For our pre-processing pipeline, we chose to implement all steps in R statistical software to provide an open-source platform that is easily accessible to a broad-analytic group. Our results indicate that our lungct segmentation methodology in R performs as well as that from the VIDA software for healthy patients. We also show that the symmetric normalization registration from ANTsR is flexible enough to register lung masks between people. Further, this automated pre-processing pipeline (segmentation, registration, and template creation) was robust to a diseased population of patients with sarcoidosis.
To ensure we reached an unbiased template of the lung, we used an iterative algorithm until convergence to a common shape. Rather than relying on the previous recommendation of a fixed number of iterations31, we defined convergence by a DSC between successive iterations of 0.99 or greater. We found that a DSC of 0.99 or greater corresponds to an ASSD of <1 mm; as all images were resampled to 1 mm3, this suggests the average error in boundary identification is a sub-voxel distance. Additionally, similar three-dimensional measures (volume, surface area, length, depth, and width) were observed for all initial templates chosen, resulting in a less biased template. If a small and fixed number of iterations were used (<14), the resulting final template could have been markedly different, and would be dependent on the initial template chosen. Further, the volumetric measures of the final left and right lung template were consistent with the average volumetric measures prior to analysis, indicating our template creation approach preserves volume, surface area, depth, width, and height across the left and right lungs.

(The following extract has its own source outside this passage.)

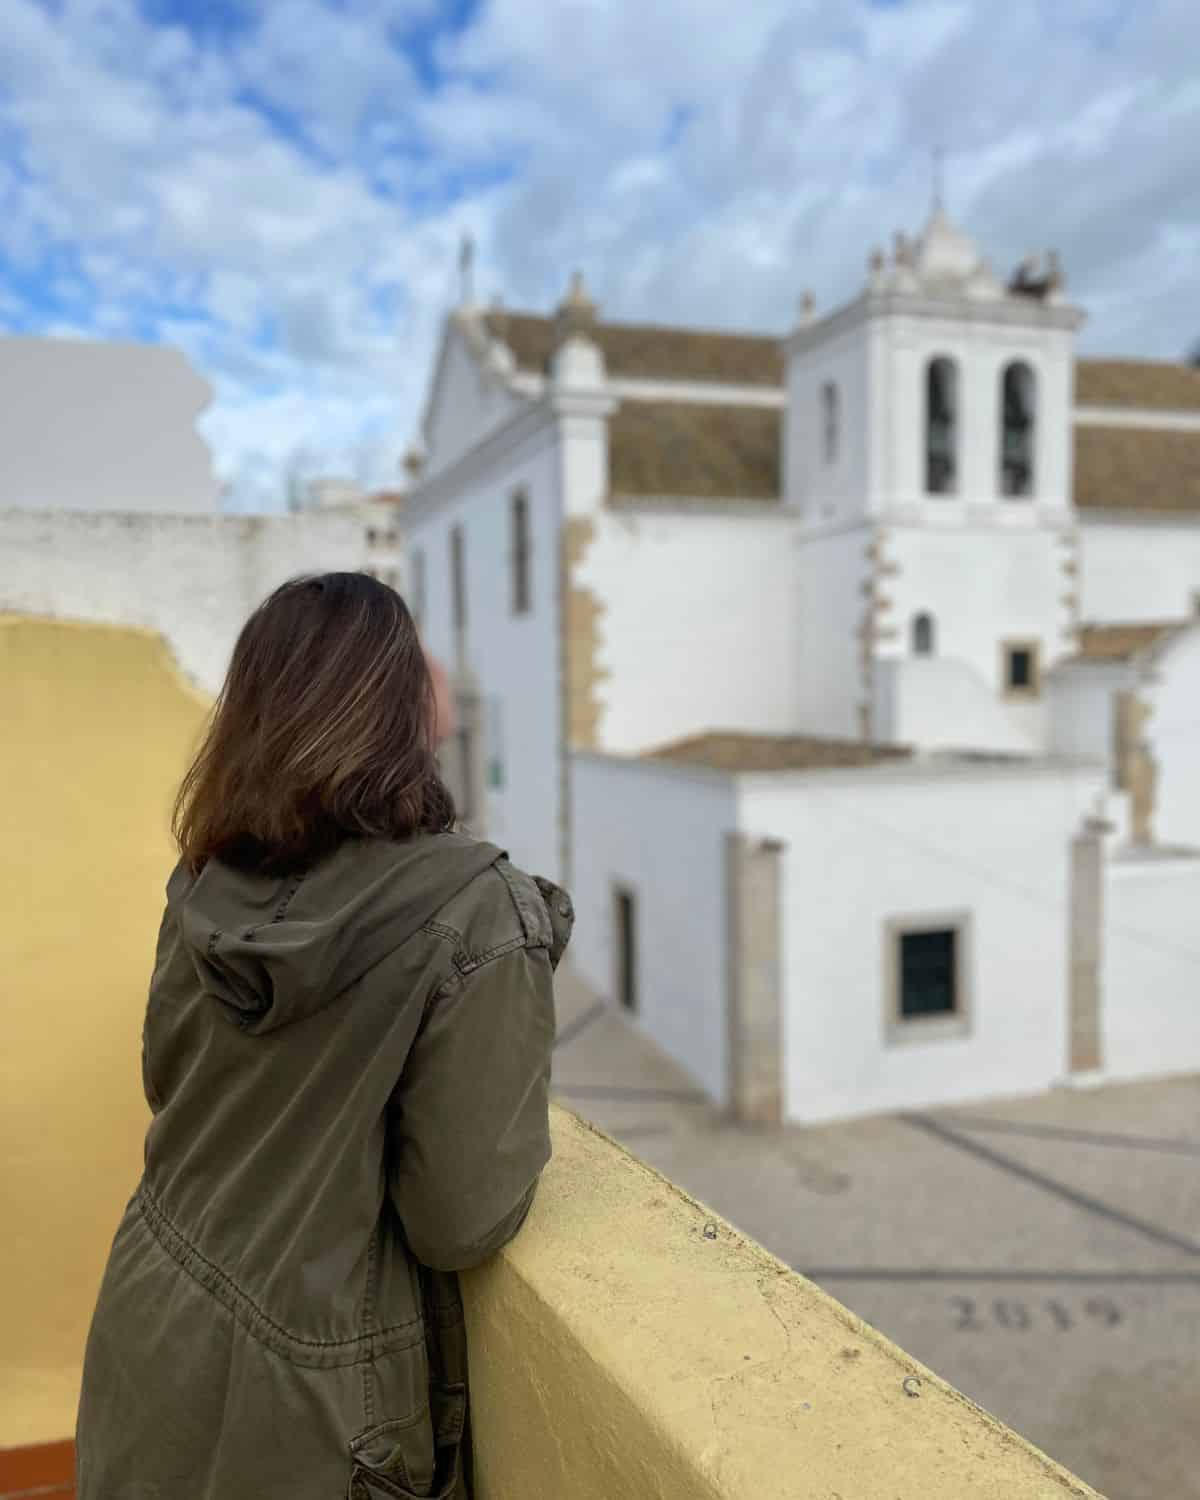 A woman in a green jacket stands with her back to the camera, looking out over a historic quarter. She's leaning on a yellow ochre wall, gazing at a classic white church with two bell towers. The image captures the contemplative solitude of solo travel amidst the charming architecture of an old European town.

By applying the final transformations obtained from the registration of lung segmentations to the original CT scans, we were able to obtain individual CT scans in a common space. Since the intensity and texture on lung CT scans are important in studies regarding lung diseases, we wanted to understand the impact of registration on radiomic features of the lung. We found that registration significantly affects first-order and GLCM radiomic features, by shifting the distribution of HUs slightly to the left, decreasing variability across voxels, and changing the HU patterns on the CT scan to appear smoother. The differences in both the first-order and GLCM radiomics can be explained by the non-linear transformation coupled with the linear interpolation from the registration procedure. For original scans that are larger in volume than that of the template, the HU across voxels are concatenated down to a smaller number of voxels by linear interpolation, following the non-linear transformation. Conversely, for original scans that are smaller in volume than that of the template, the HU of individual voxels are expanded into multiple voxels to be similar to their surroundings. In both cases, the linear interpolation following the non-linear registration results in updated HU at each voxel, which are more similar to the mode of the distribution. Since the HU distribution on CT scans of the lung is right-skewed, this registration procedure will result in a more right-skewed distribution as values are pulled to the mode, increasing the peakedness (i.e. increases kurtosis) of the distribution as well as shifting the HU distribution to the left (i.e. decreasing the mean HU). Furthermore, since this interpolation averages our voxels, the HU patterns appear smoother on the registered CT, which explains the changes in the GLCM features.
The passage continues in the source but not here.